Okay, and now you're clearly lying, which I will accept as tacit admission of error on your part. You stand corrected, sir.

I did not say that eukaryotes were the antecedent to all living things. You know it too. I said eukaryotes are the antecedent to plants and animals. And they are.

Go ahead and read the wiki article. It talks about the fossils.
 
Speculation is a beautiful thing, ib1! What you and Wiki have, is a theory. It has not been proven conclusive by any means, and it probably never will be. It is just an idea of what you think may have happened, but honestly, it has no basis in what we know and understand about biology and life. Things don't become something else... it just doesn't happen. In order for your little illustration to work, things would have to, at some point, make the transition from one type of living system to another, and we don't see evidence of that in nature or in the fossil record.

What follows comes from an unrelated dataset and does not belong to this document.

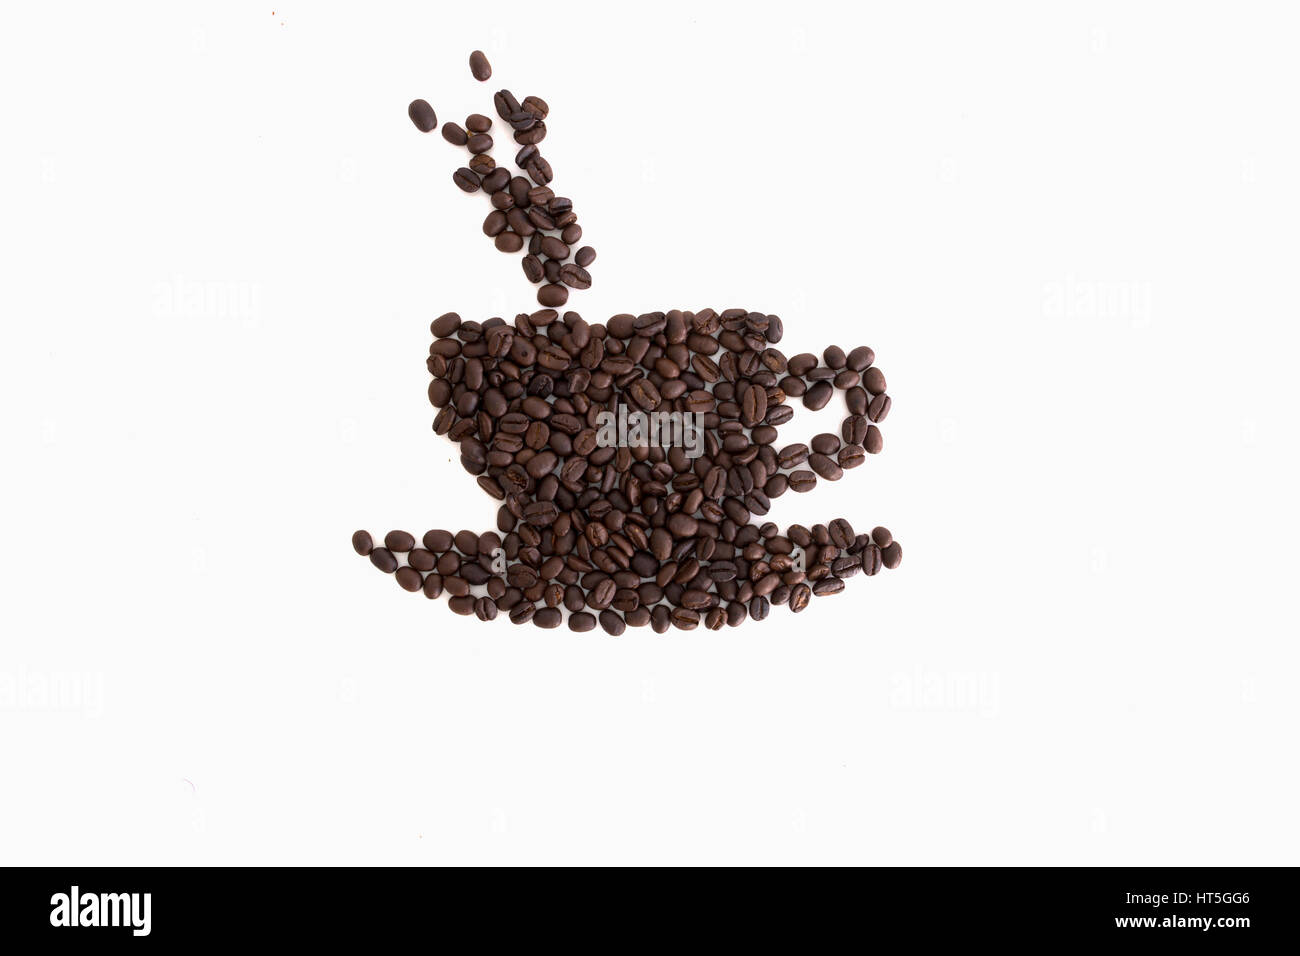 Geröstete Kaffeebohnen in der Form einer Tasse und Untertasse auf einer weißen Fläche gelegt Stockfoto

Now, it is possible, that several various life forms are responsible for evolving into what we have today, but that takes us back to the question of origin. If several life forms existed, then origin already happened. We have to go further back, but your source says, the three major forms of life do not share commonality, so how did they come to be? And how did they manage to "evolve" as they did, to form even more various forms? None of these questions have been answered, many idiots like you, have pondered them, and drawn neat looking maps, made interesting theories... it just hasn't been concluded.
 
This is a lie to distort the evolutionary theory, which you continually betray your ignorance of.

Humans never descended from corn. No evolutionary biologist would say we did either.

Yea including me but let Dixie have his strawman and his laugh. I'm not up to playing wack-o-mole.
 
We do have common ancestry with plants. That doesn't mean corn was our ancestor. Some microbe was our ancestor, which was also the ancestor of corn.

You're right of course Water but don't waste your time on the willfully ignorant like Dixie. He's just a rebel with out a clue.
 
"Common ancestry" ≠ "descended from"

We do have a common ancestor with corn, but corn is not our ancestor. Okay, get the hamster running real fast and think about it for a second.

and you better get your mallet ready cause you're gonna have some moles to wack! LOL
 
Wow... seven more posts to add to your total! Mott, you're going to be the first pinhead to post 5,000 times without making a single intelligent point! Bravo!